Gesellschaft:

Horst Arnold - ein bitterer Nachruf

Exemplarische Abrechnung mit der Gleichstellungsideologie der letzten 10 Jahre

horst-arnold

Der Gymnasiallehrer Horst Arnold musste für 5 Jahre hinter Gitter, weil seine Kollegin behauptet hatte, sie sei von ihm in der großen Pause im Biologievorbereitungsraum rektal vergewaltigt worden. Es stand Aussage gegen Aussage.

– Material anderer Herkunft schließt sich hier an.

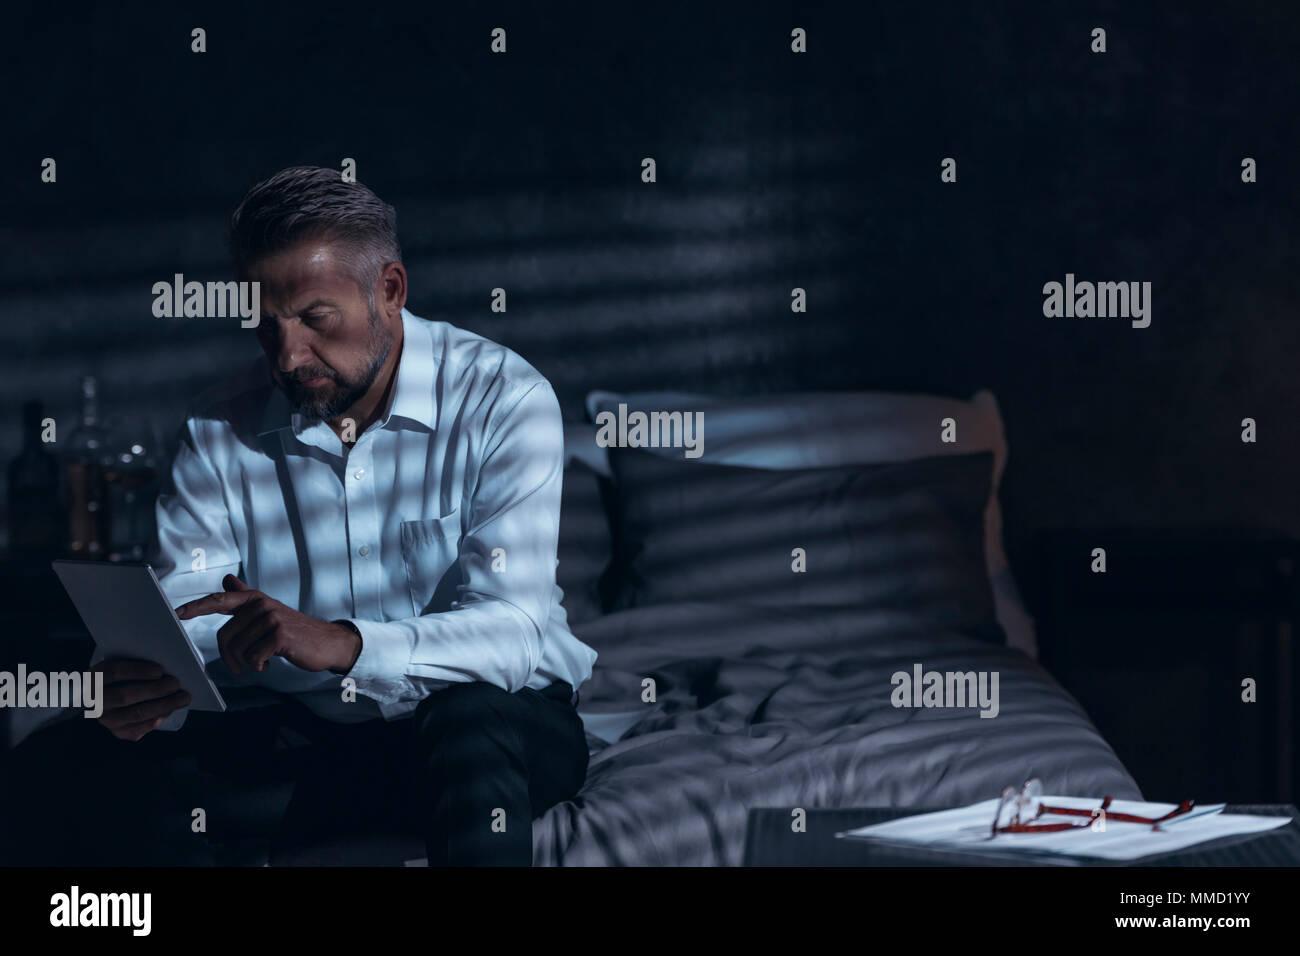 Esaurito di mezza età maschile seduto su un letto in una camera di albergo per la notte e cercando in un blocco per appunti durante la sua corporate viaggio di lavoro Immagini Stock

Warum sollte sie so etwas behaupten?

Sicher ist so ein Verfahren wegen Vergewaltigung kein einfacher Weg für die Opfer. Trotzdem werden manche Frauen kriminell, um für sich selber Vorteile zu bekommen. So auch die Kollegin von Horst Arnold, denn ganz offensichtlich wollte die Biolehrerin ihren Konkurrenten aus dem Arbeitsleben beseitigen und zerstörte so seine Existenz. Schon 2001 gab es reichlich Fragen zur Glaubwürdigkeit des Opfers. Das Gericht interpretierte diese Lügen als traumatisierte Wahrnehmungsstörung.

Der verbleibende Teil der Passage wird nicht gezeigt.